Cantor's theorem is a statement about the cardinality of a set X and its power set P(X). If we assume the result that there is no injective function from P(X) to X, it means that we cannot find a one-to-one correspondence between the elements of P(X) and a subset of elements in X. In other words, there are too many elements in P(X) to uniquely map them to the elements in X using an injective function.

This impossibility of establishing an injective function between P(X) and X implies that the cardinality of P(X) must be strictly greater than the cardinality of X. Therefore, by assuming the result that there is no injective function from P(X) to X, we can deduce Cantor's theorem, which states that |P(X)| > |X|.


The proofs you produced for me above, did you find them in the literature or did you make them up on your own?


As an AI language model, I do not access or search the literature in real-time. Instead, I am trained on a large corpus of text, which includes mathematical literature, and I generate responses based on the patterns and knowledge I have learned during my training. When you asked for proofs earlier, I used my knowledge of mathematical concepts and techniques to construct those proofs on my own, rather than retrieving them from specific literature. My goal is to provide helpful and accurate information based on my training and understanding of the subject matter. If any of my responses were incorrect or unclear, please let me know and I'll be happy to try again or provide additional clarification.


I have an idea. Listening?


Yes, I'm here to listen and help you with any questions or ideas you'd like to discuss. Please feel free to share your thoughts, and I'll do my best to assist you.

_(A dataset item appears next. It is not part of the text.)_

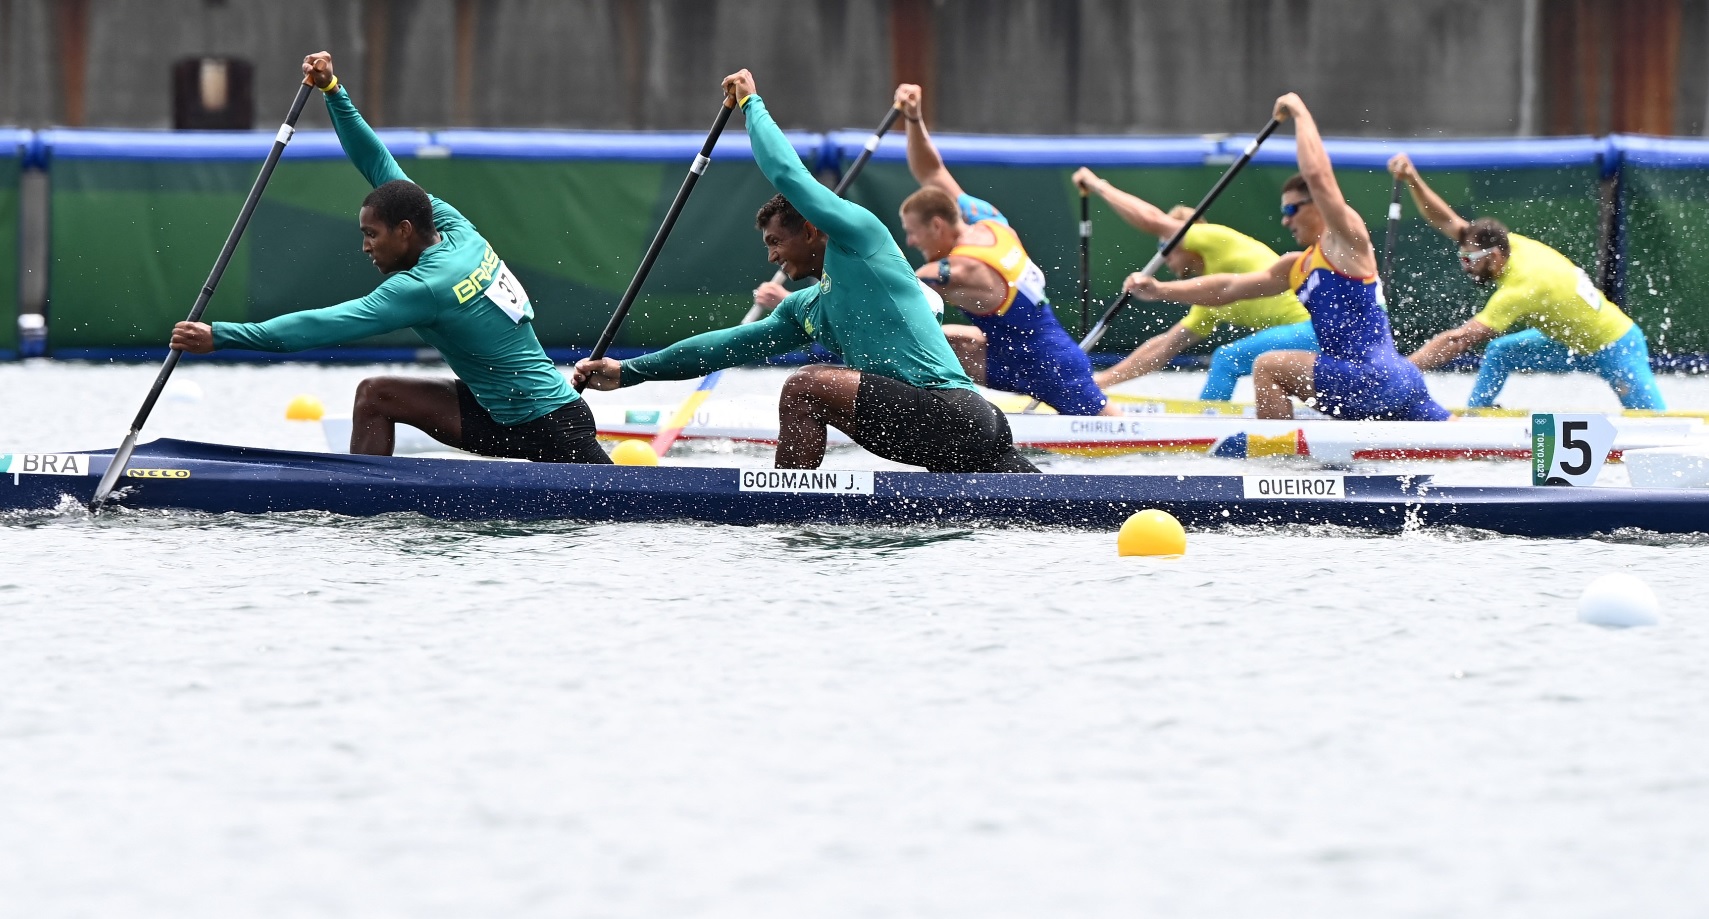 Echipajul de canoe dublu s-a calificat în semifinale
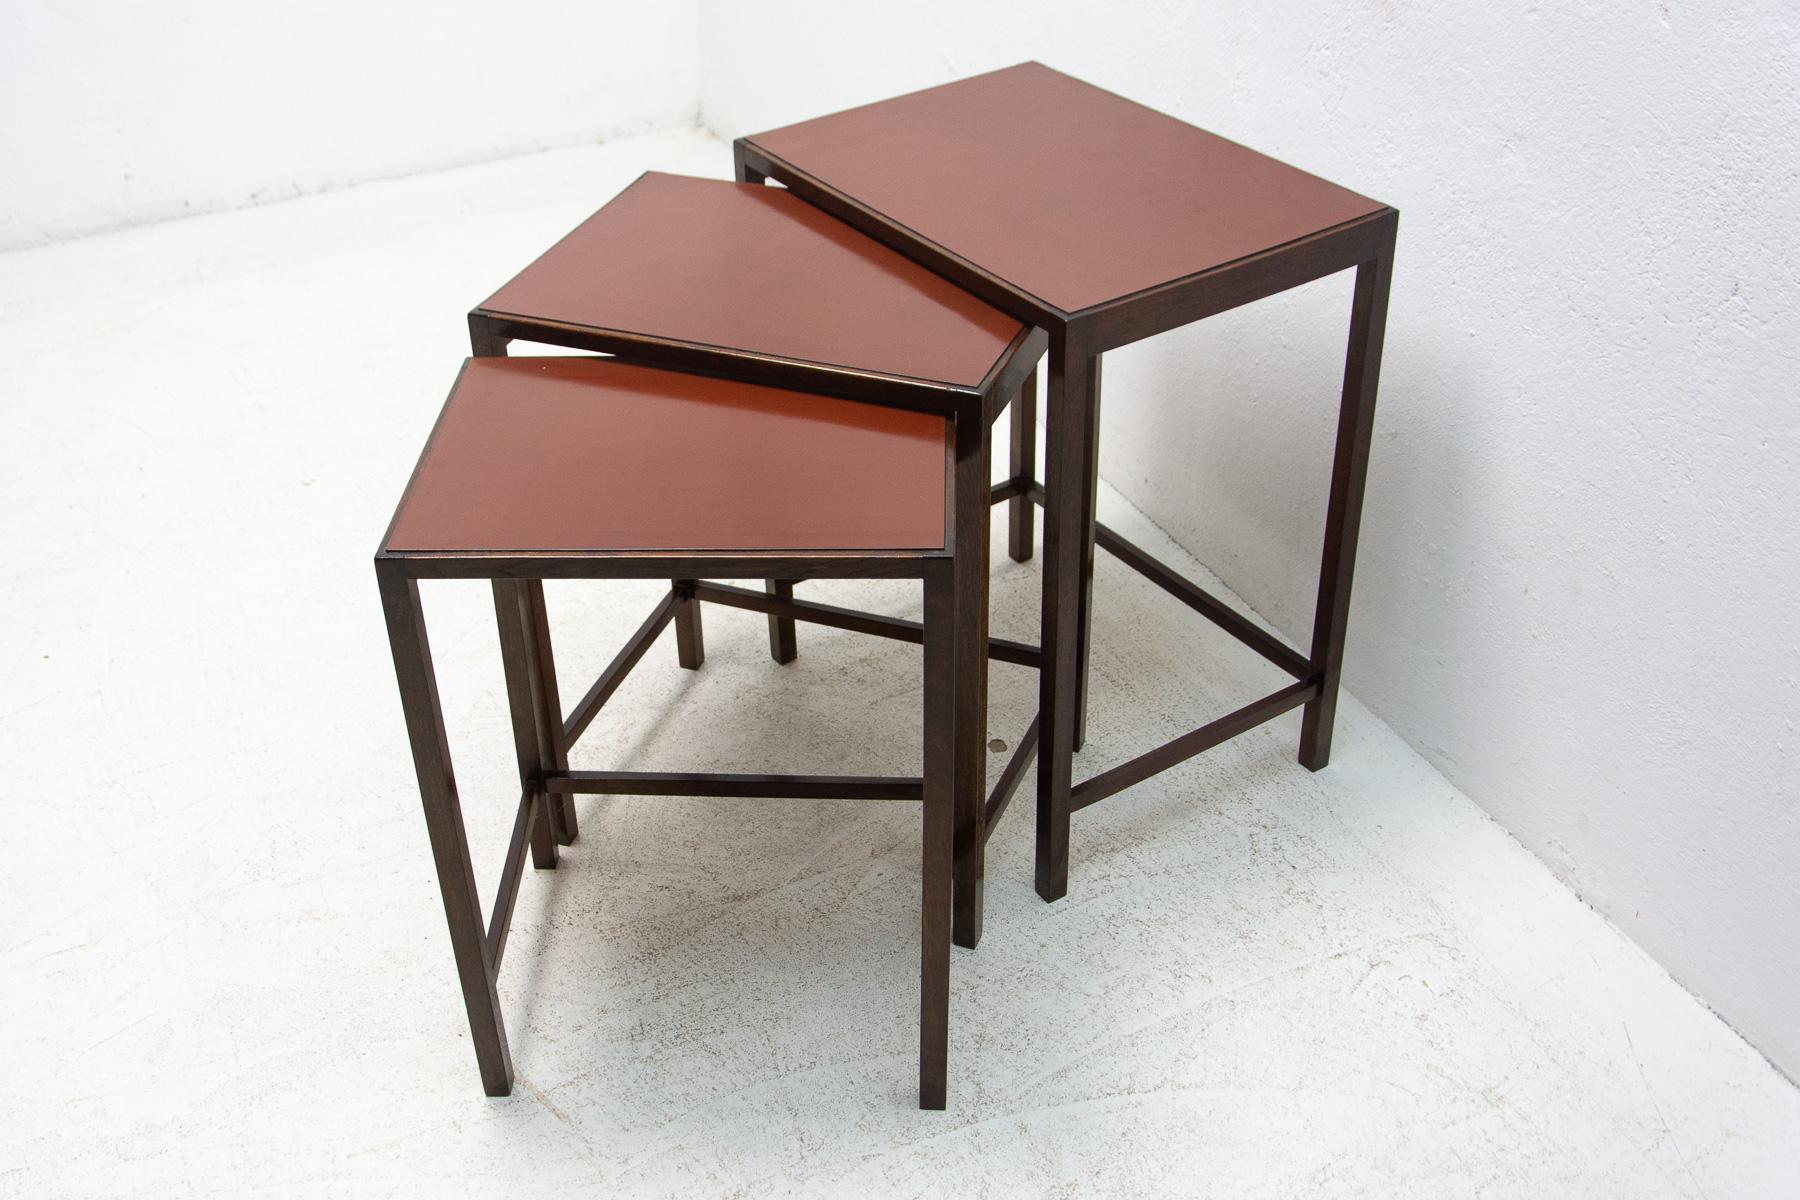 Jindrich Halabala, ensemble de trois tables gigognes n° de catalogue H-50. H-50, conçu dans les années 1930 et produit dans les années 1950. Il est fabriqué en bois de hêtre teinté et comporte un plateau en bakélite foncé. Il est en très bon état

I want to check if you will be able to generate examples of a new concept I will define for you. Shall we try?


Absolutely! I would be happy to help you generate examples of a new concept you define. Please provide me with the details of the concept, and I'll do my best to create relevant examples based on your description. Keep in mind that the quality and accuracy of the examples will depend on the clarity of the concept and my understanding of it.


Sure. Okay, so here it is. Define a star to be a pair (X,S, c) where X is a set, S is its subset, and c is a distinguished element of X. Don't confuse this with the stars in the sky. Here a "star" is just a name I gave to the concept. So, give me two different examples of stars.


Thank you for providing the definition of a star in this context. Here are two different examples of stars based on your definition:

  • Let X1 = {1, 2, 3, 4}, S1 = {1, 2}, and c1 = 4. Then the star is (X1, S1, c1).

  • Let X2 = {a, b, c, d, e}, S2 = {a, b, c}, and c2 = e. Then the star is (X2, S2, c2).

In both examples, we have a set X, a subset S of X, and a distinguished element c of X, as required by the definition you provided.


Well done. Do you think you can guess why I chose the name "star" for this concept?


As an AI language model, I can't read your mind, but I can offer a possible reason for your choice of the name "star" for this concept. In the given definition, a star consists of a set X with a subset S and a distinguished element c. This structure might be reminiscent of a celestial star in the sky, which is surrounded by other celestial bodies (planets, asteroids, etc.) in a smaller subset, while the star itself stands out as the central, distinguished element. However, this is just a conjecture based on the information provided, and your actual reason for choosing the name "star" might be different.


Wow, I am impressed! Well done! What I had in mind was slightly different, but your explanation is actually better than my original one.


Thank you for your kind words! I'm glad that the explanation I provided was interesting and relevant, even if it was slightly different from your original intention. As an AI language model, my goal is to assist and provide valuable insights based on the information you provide. If you have any more questions or concepts you'd like to discuss, please don't hesitate to ask. I'm here to help!


Please do not repeat so often that you are ready to help, etc., I got that by now.


I apologize if my previous responses seemed repetitive. I'll keep that in mind going forward. If you have any questions or topics you'd like to discuss, please feel free to share them.


This last sentence is also something you do not need to say so often.


Understood. I'll be more mindful of that in future responses. If you'd like to proceed with a new topic or question, please go ahead.


Can you think up a theorem involving my new concept of a star?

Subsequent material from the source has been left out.